The optimizer is an adapted version of Adam (cite), with a specific learning rate decay guided by the following: $$lrate = d_{\text{model}}^{-0.5}\cdot \min({step\_num}^{-0.5}, {step\_num} \cdot {warmup\_steps}^{-1.5})$$ The warmup_steps factor hence controls when the learning rate starts decaying after its initial increase.

Backpropagation is done after every step; we compute the validation loss at the end of each epoch.

Initial implementation and test on the copy task

We started by implementing the model (using PyTorch v1.0), dividing each architectural blocks (EncoderLayer, DecoderLayer, MultiHeadAttention, ResidualConnection etc.) into classes, and ensured all were passing simple unit tests (i.e. verifying the shape of the output of the forward pass, the absence of NaN etc.).
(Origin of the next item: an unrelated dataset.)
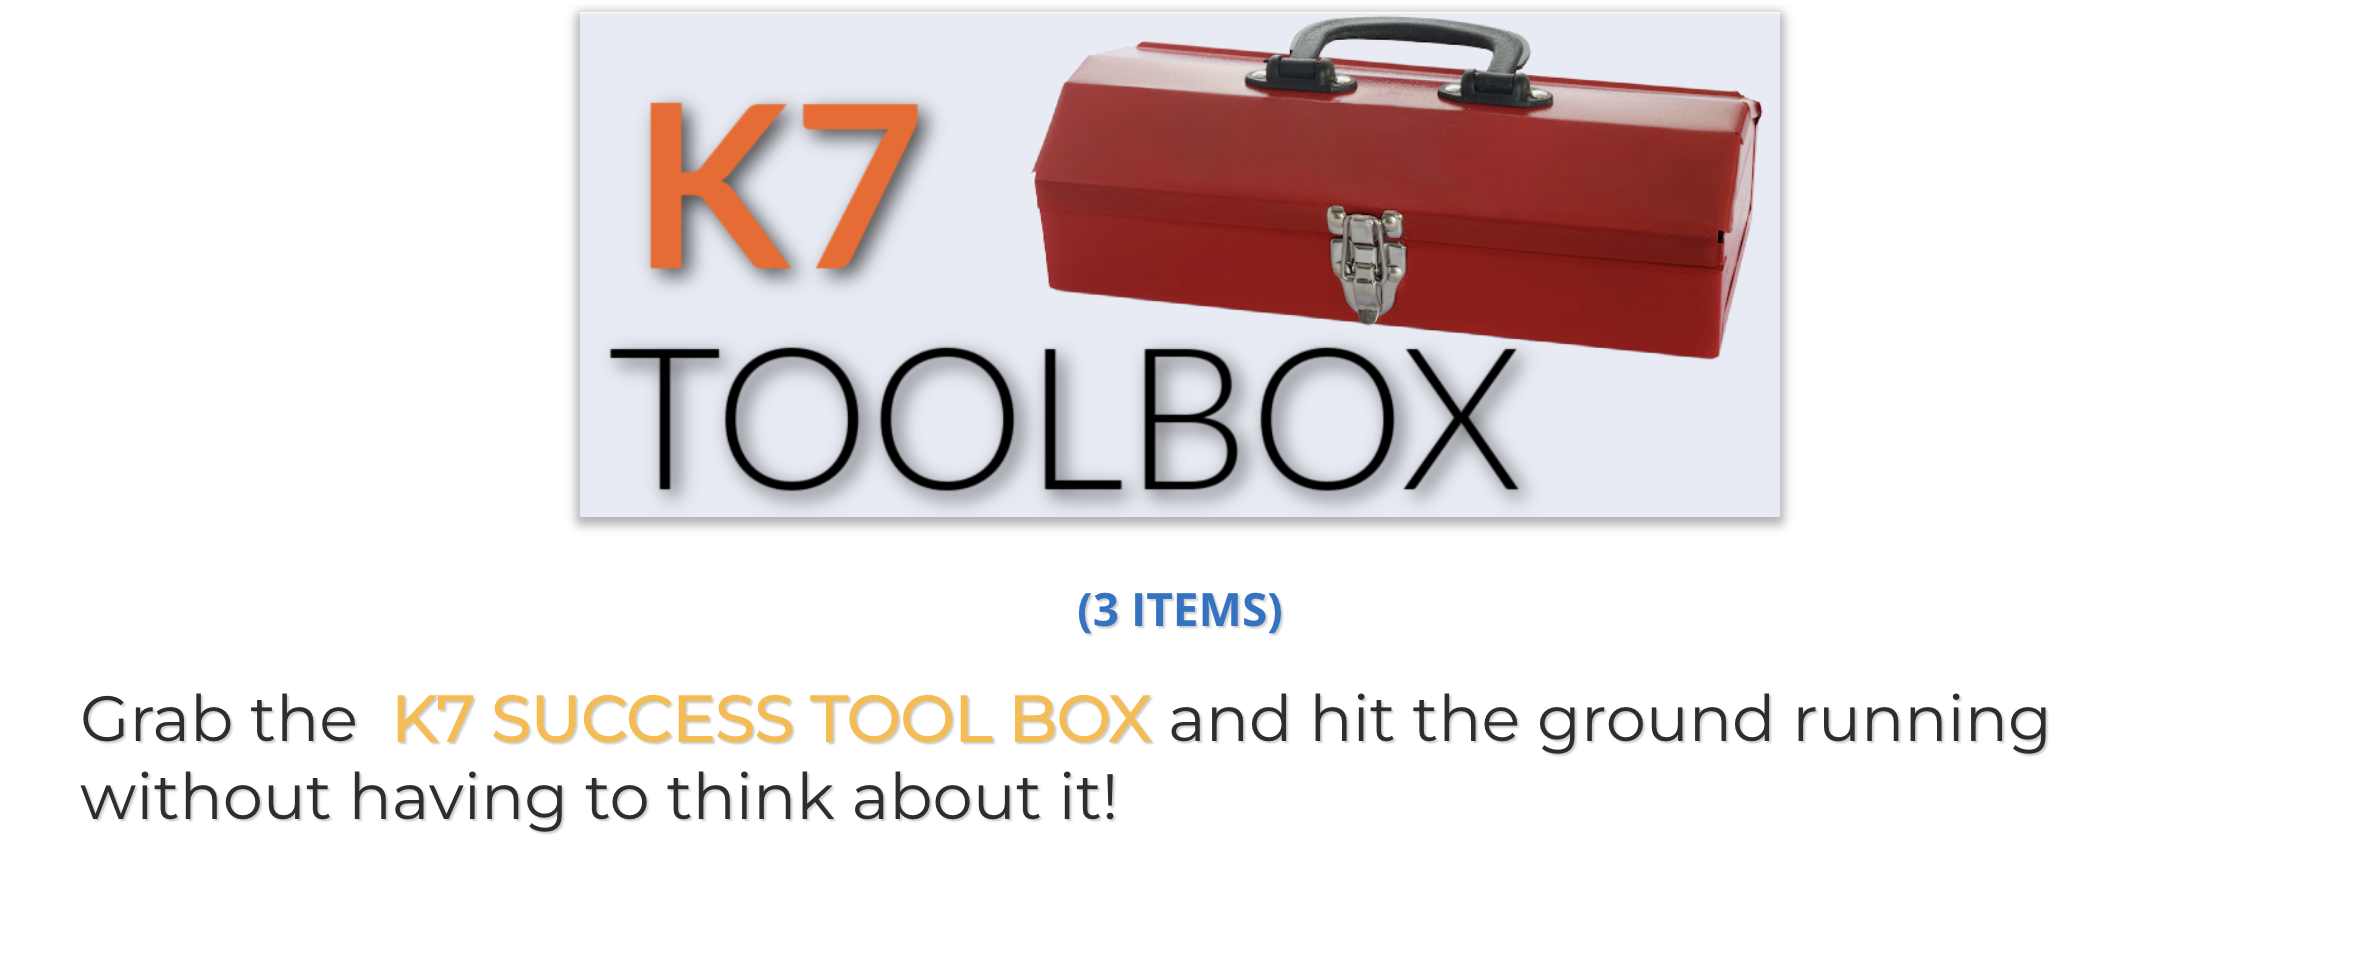 K7 Tool Box

This took about a week and half to finish. At this stage, we decided to ensure that the flow of the overall model (i.e. a stack of 6 EncoderLayer, connected to a stack of 6 DecoderLayer, each layer having several sub-blocks) was correct. Thus, we wanted to verify if the model was able to fully converge on a simple algorithmic task: copying its inputs to outputs. Indeed, a working implementation of such a heavy model should not encounter any issue copying inputs to outputs.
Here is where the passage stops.